▶ **REQUIREMENT**: Reproduce the listing exactly. Omit pictures.

▶ **COLLECTED DATA**:
◆ ◆ ◆

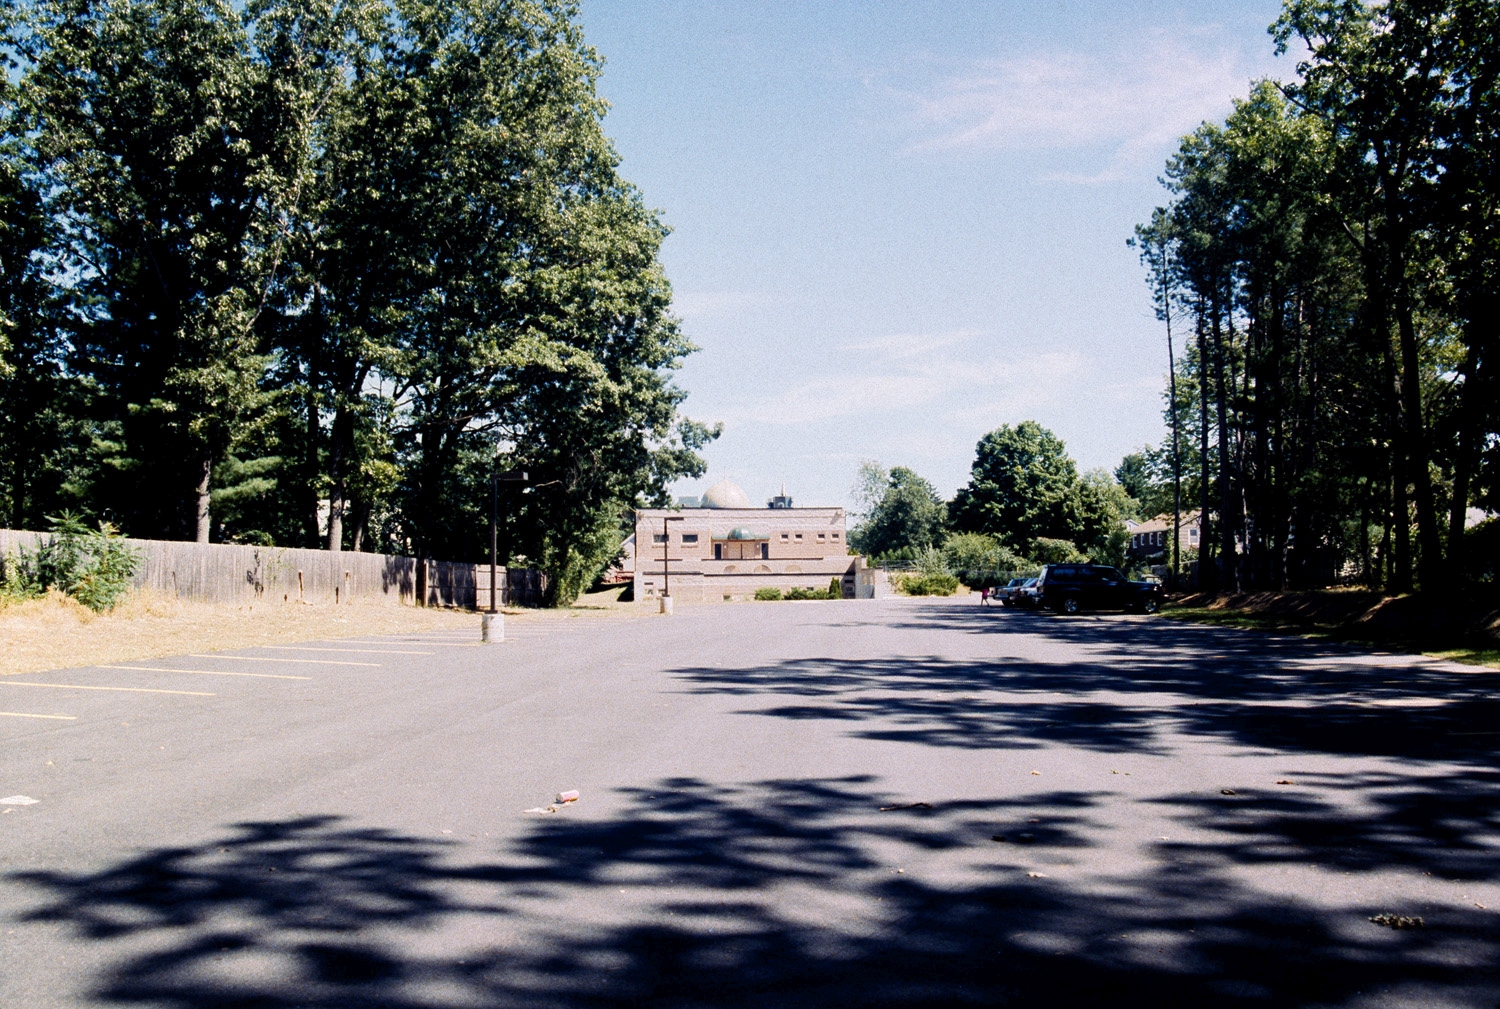 Islamic Society of Western Massachusetts - View across parking lot towards rear of original mosque, prior to expansion
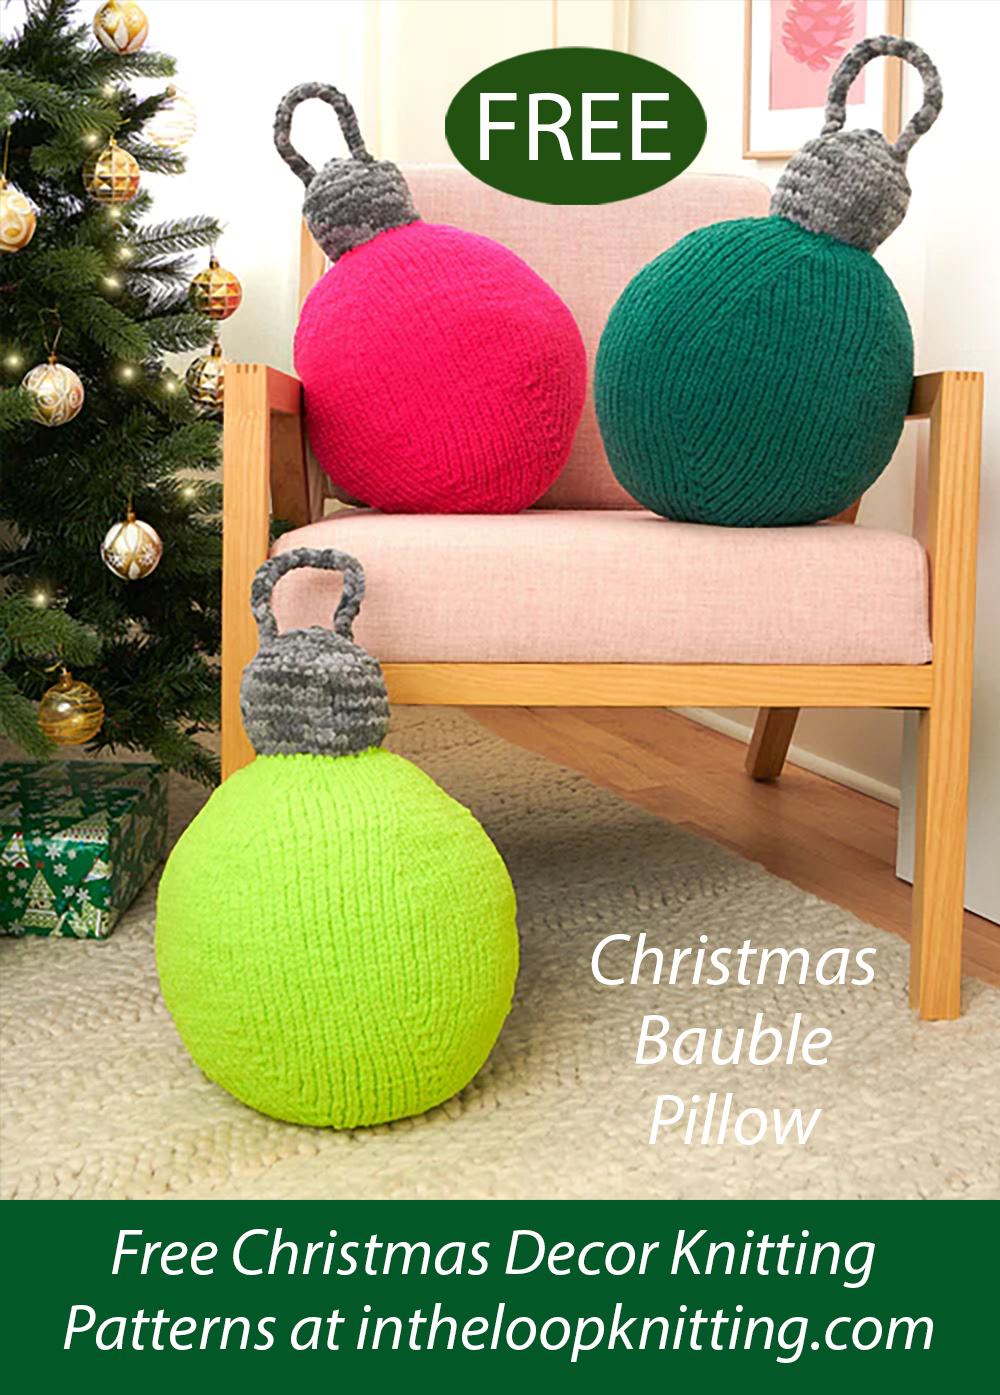 Free Christmas Jolly Bauble Pillow Knitting Pattern
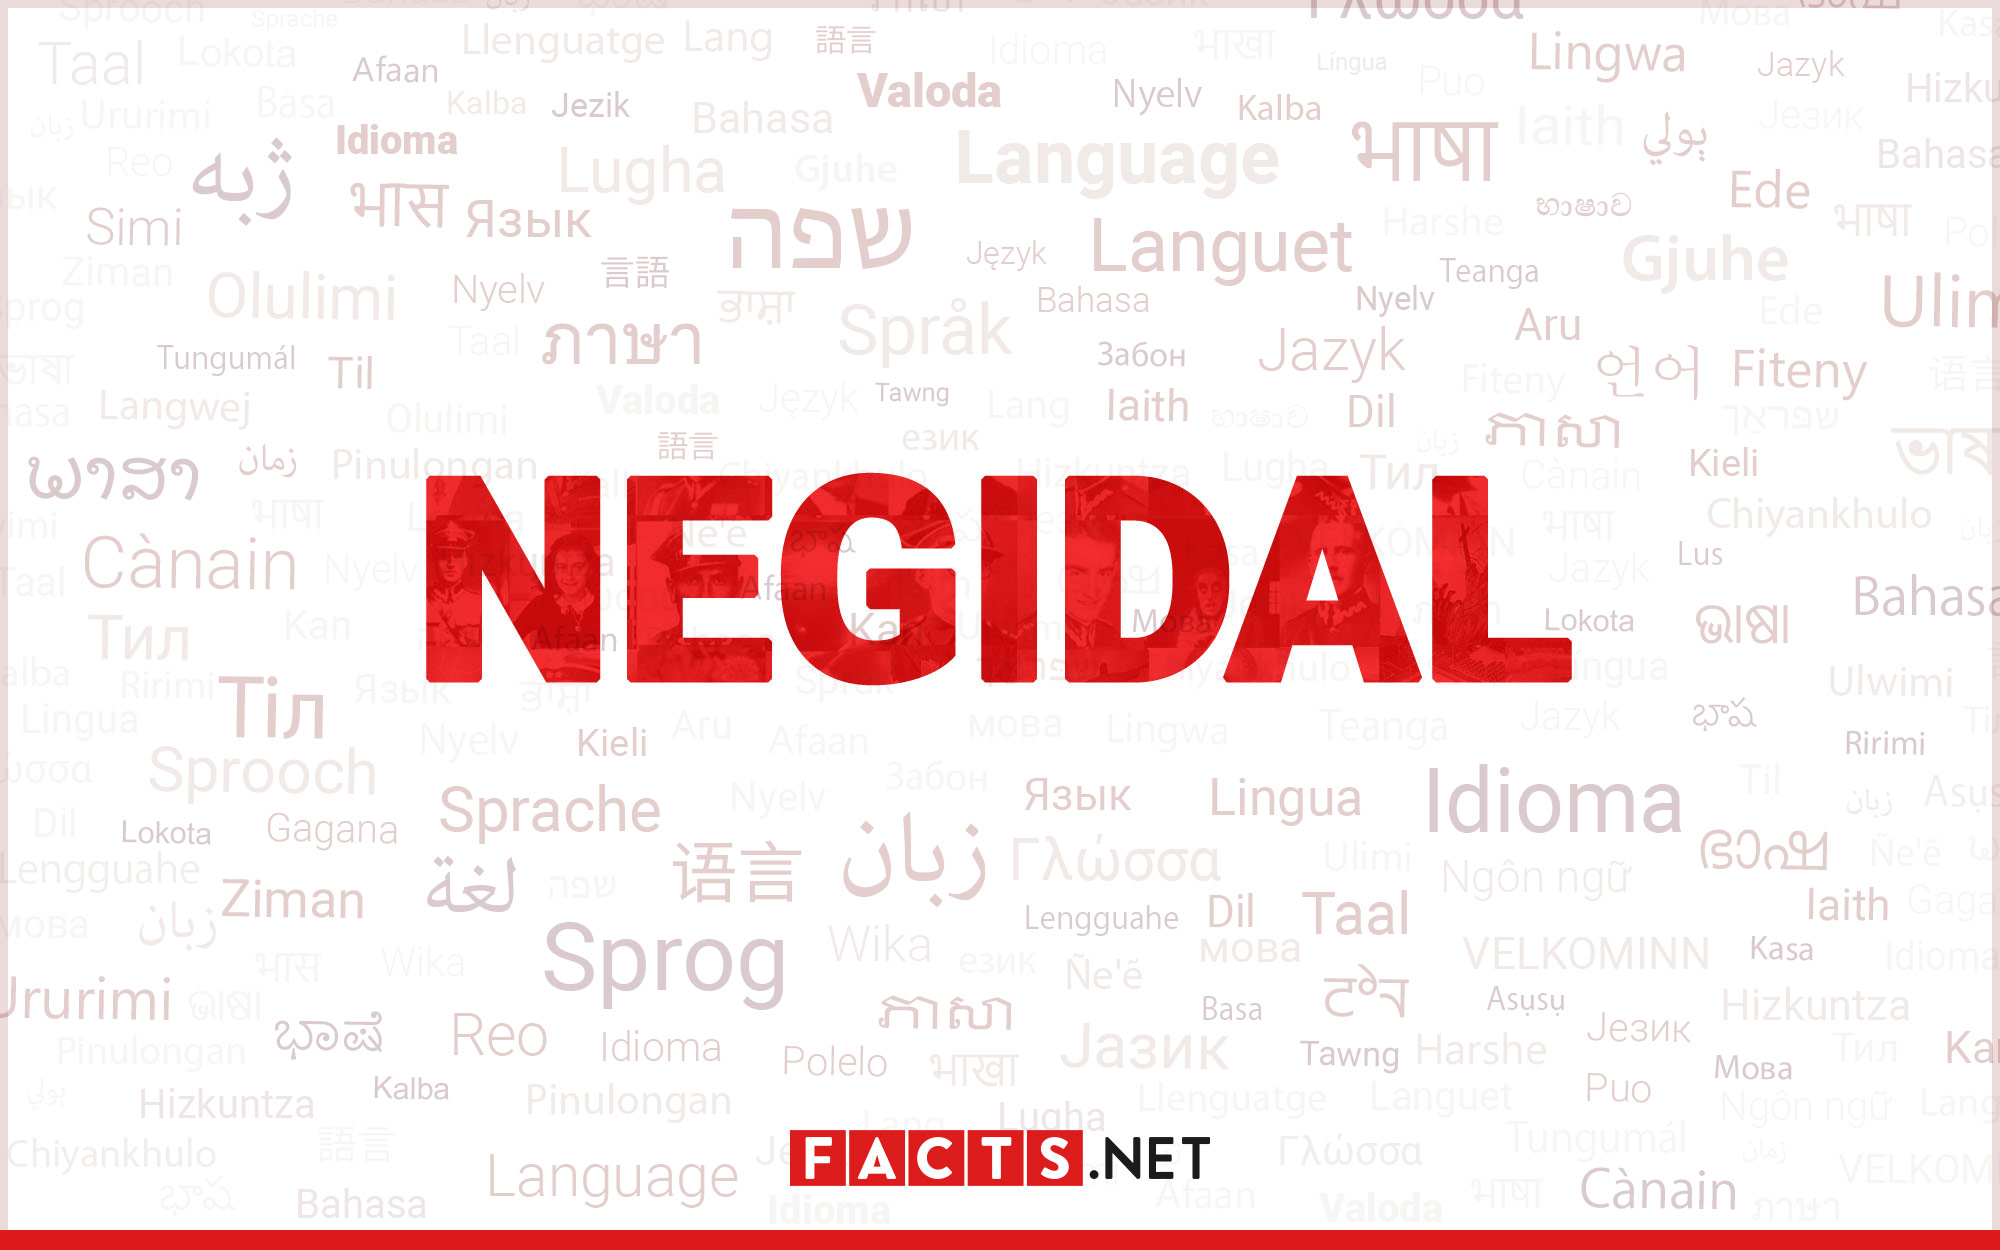 8-captivating-facts-about-negidal

◆ ◆ ◆

▶ **PROBLEM SOLUTION**:
 Islamic Society of Western Massachusetts - View across parking lot towards rear of original mosque, prior to expansion
 Free Christmas Jolly Bauble Pillow Knitting Pattern
 8-captivating-facts-about-negidal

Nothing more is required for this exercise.